Memory Management



  • I just have to vent about a coworker who wrote his own custom memory manager for an embedded linux system.  The beauty of this design is that he took a completely serial process and designed a multithreaded system to handle the serial process.  Next, instead of just using malloc and free to allocate dynamic memory, he wrote his own wrapper with one small catch, the memory manager was not threadsafe and each thread gets its own heap.  The beauty of the situation is that he decided to use indexes into the array as keys to keep track of the allocations.  What gets even better is that if you allocate memory on one thread and then free it on a second thread, depending on the index into the actual heap it may or may not corrupt the heap of the second thread.



  • What motivated him to even do this in the first place? Even under uclinux, malloc is re-entrant and threadsafe and everything (since it just maps to mmap/kmalloc). Was he hoping (at the outset) to do some kinda pooling of commonly used objects/sizes or something?

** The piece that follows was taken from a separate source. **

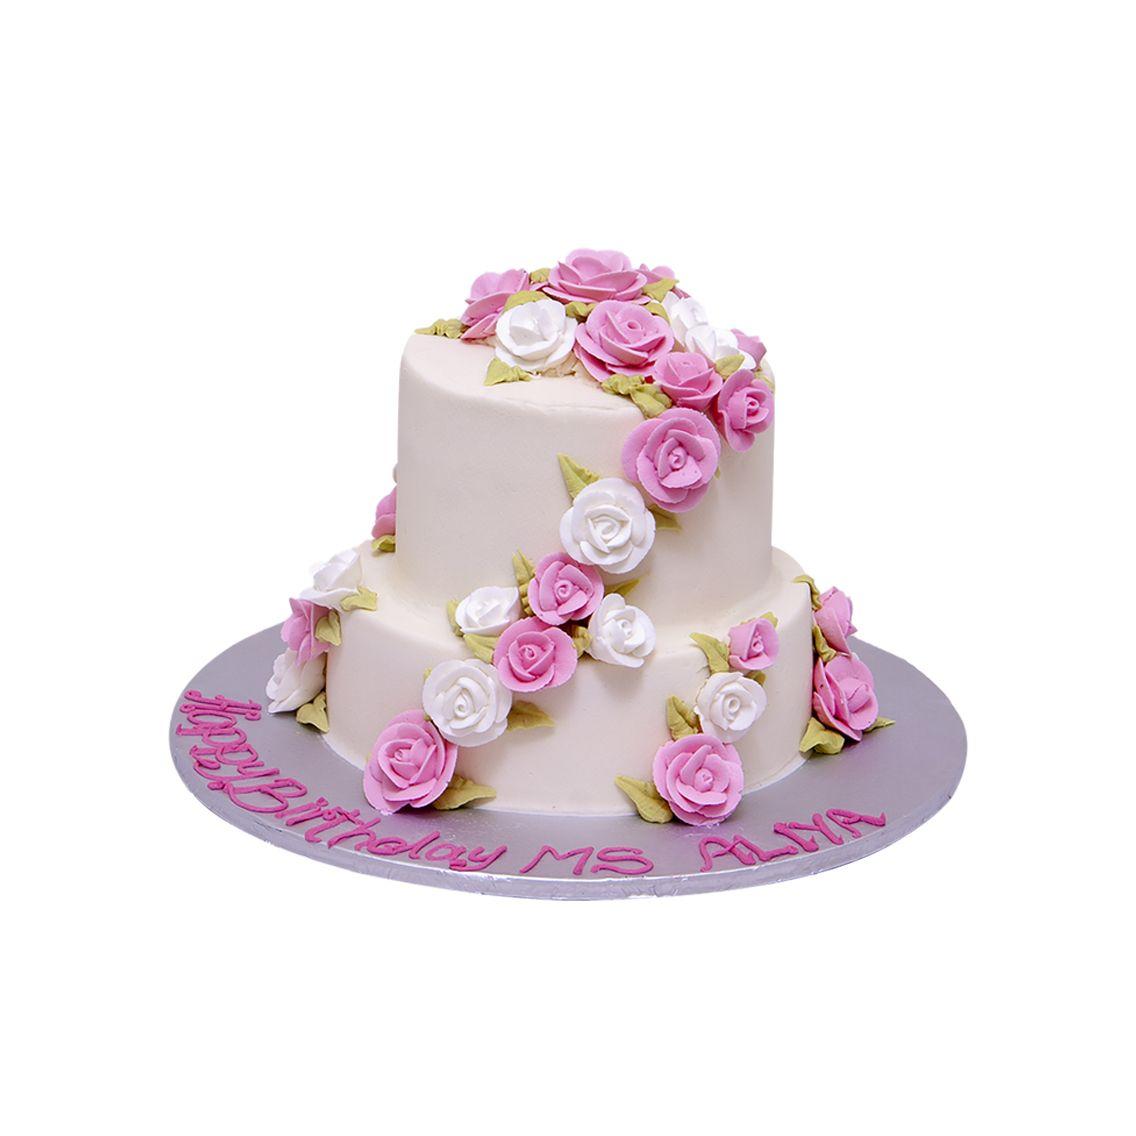 Kitchen Cuisine Default Category Pink & White Flower Cake

  • I like it.  He should write it so that it keeps reusing allocations of a particular size, but whenever there is no allocation of that size it gets a new block.  This way after the first few hours it gets a new block maybe only a few times an hour.  Then every time it can't get a new block it allocates a new chunk of virtual storage.  Then it can keep doing this for several days, or maybe two weeks.  Then when it runs out of address space it should go back and clean up all the unused memory, with several threads cleaning up the same or different allocation arrays all at once, each thread assuming it's the one and only.

    Everything will work great in QA.  Nobody will ever figure out what happens in production.  Solution:  reboot the production machine every two weeks.

     



  • @newfweiler said:

    Everything will work great in QA.  Nobody will ever figure out what happens in production.  Solution:  reboot the production machine every two weeks.

     

     

    God, I swear I have heard that one before. 



  • Excuse me if I am being naive...

    What did he write the wrapper in?



  • He is motivated by the fact that he is not a "big fan" of malloc/free calls on the embedded platform.  Much better to replace calls to a standard library that will "just work" with your own version that somewhat work under extremely limited circumstances.



  • @bhejl said:

    I just have to vent about a coworker who wrote his own custom memory manager for an embedded linux system.

    Yeah, it all sounds a bit WTF-ish. I'll just point out for fairness that there often are good reasons to write your own memory-management routines in embedded software. Of course, the person who writes the memory manager needs to know what he's doing, and have a really good reason for not using the standard heap-allocation routines. It looks like neither is the case here.

    On the other hand, I have worked on embedded systems that slowly ran themselves out of memory due to heap fragmentation, so "just use malloc(), you knucklehead!" isn't always the right answer, either. And there are certain environments where the use of dynamic memory allocation is strictly against the regulations. That's not a fun world to work in, either.